Centrales de demainRedondance des systèmes de sécurité

Pour assurer le refroidissement de secours du coeur du réacteur, le système d'alimentation en électricité et celui d'approvisionnement en eau seront présents en quatre exemplaires. Chacun pourra assurer, à lui seul, l'intégralité de la fonction de sûreté et prendre automatiquement le relais d'un autre dispositif en cas de dysfonctionnement ou d'agression de celui-ci. Ces systèmes seront séparés physiquement pour écarter le risque d'une défaillance simultanée.

Centrales de demainDouble coque protectrice

Une double paroi en béton précontraint et armé recouvre le bâtiment du réacteur, mais également celui contenant le combustible, deux des quatre systèmes de sécurité et la salle de commande. Cette enceinte a été conçue pour résister aux effets de très hautes pressions et températures, voire même à la chute d'un avion.

Centrales d'aujourd'huiRecombineurs d'hydrogène

Situés à l'intérieur de l'enceinte de confinement du réacteur, des systèmes de recombinaison de l'hydrogène (généré par le zirconium en fusion) transforment ce gaz en vapeur d'eau par réaction catalytique. Ils évitent ainsi son accumulation et donc une possible explosion.
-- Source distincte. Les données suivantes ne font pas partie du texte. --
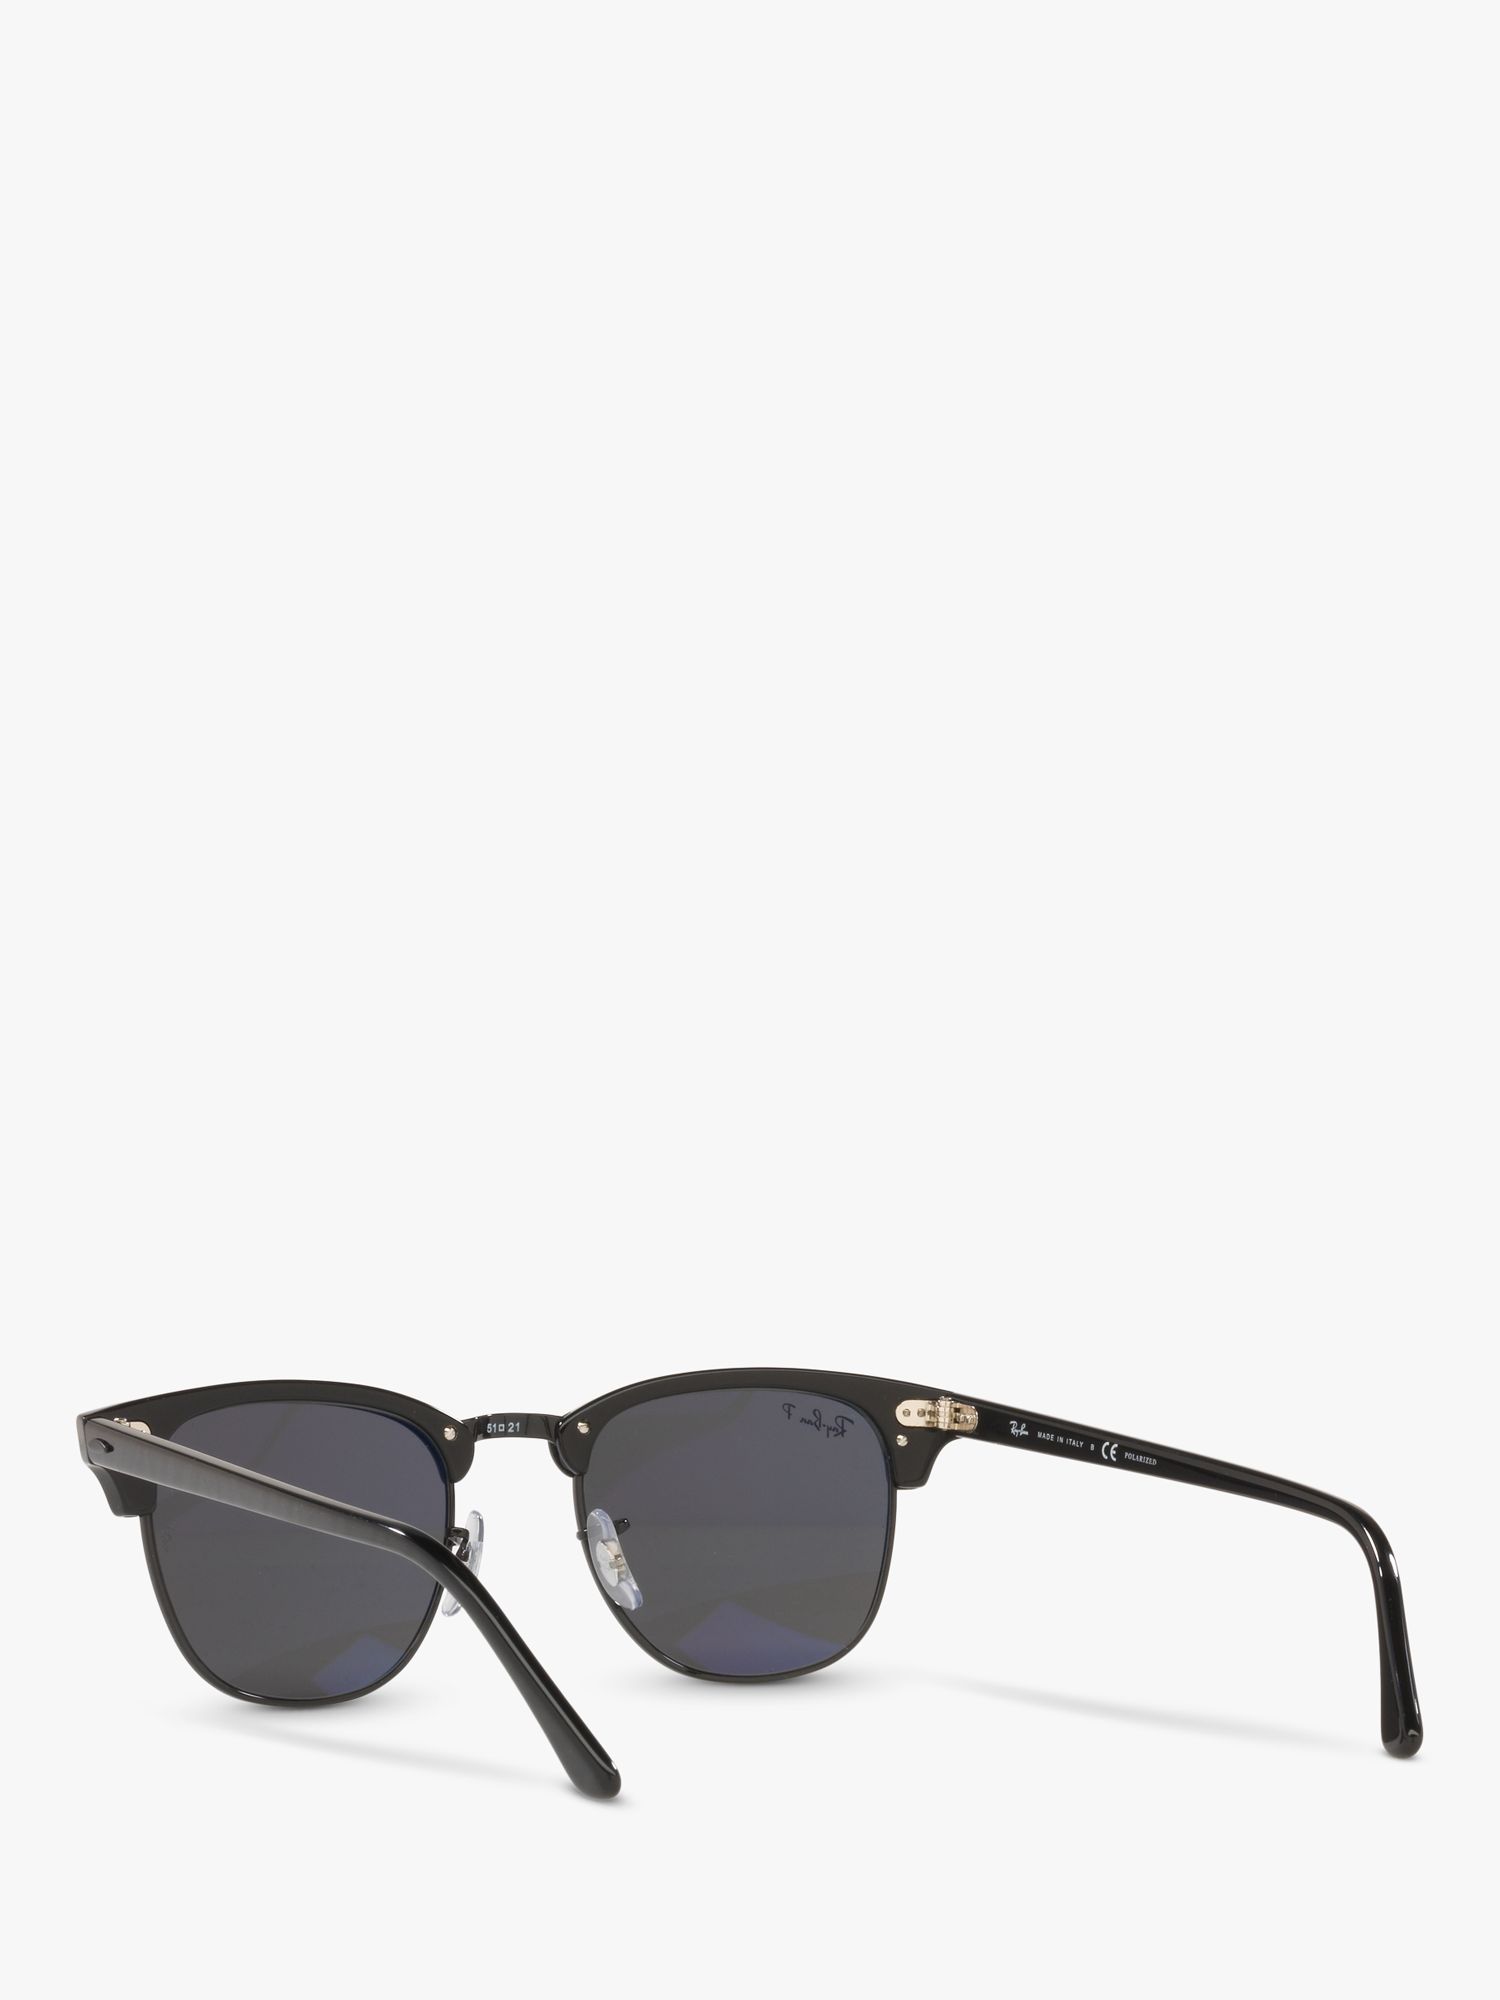 Ray-Ban RB3016 Unisex Polarised Clubmaster Sunglasses, Black/Grey at John  Lewis u0026 Partners

AU-DELÀ DE LA TECHNOLOGIERevoir l'organisation

Les missions de retour d'expérience suite aux divers accidents nucléaires ne sont pas uniquement à l'origine d'améliorations technologiques. Elles ont également permis de renforcer les protocoles à suivre dans l'exploitation des centrales. Retour sur ces principales évolutions. L'INSTRUMENTATION A ÉTÉ RENFORCÉE avec la mise en place de capteurs de position et de niveau. Pour éviter l'ambiguïté de certaines indications sur l'activité du coeur du réacteur. L'UTILISATION DE SIMULATEURS pour la formation des opérateurs a été systématisée, rendant ainsi plus fiable le pilotage des centrales. LES RÈGLES DE CONDUITE ONT ÉTÉ PROFONDÉMENT RÉVISÉES LORS DE SITUATIONS CRITIQUES. Désormais, un panneau de sûreté, installé obligatoirement dans la salle de commandes, guide les opérateurs dans la mise en oeuvre des procédures à suivre en cas d'incident.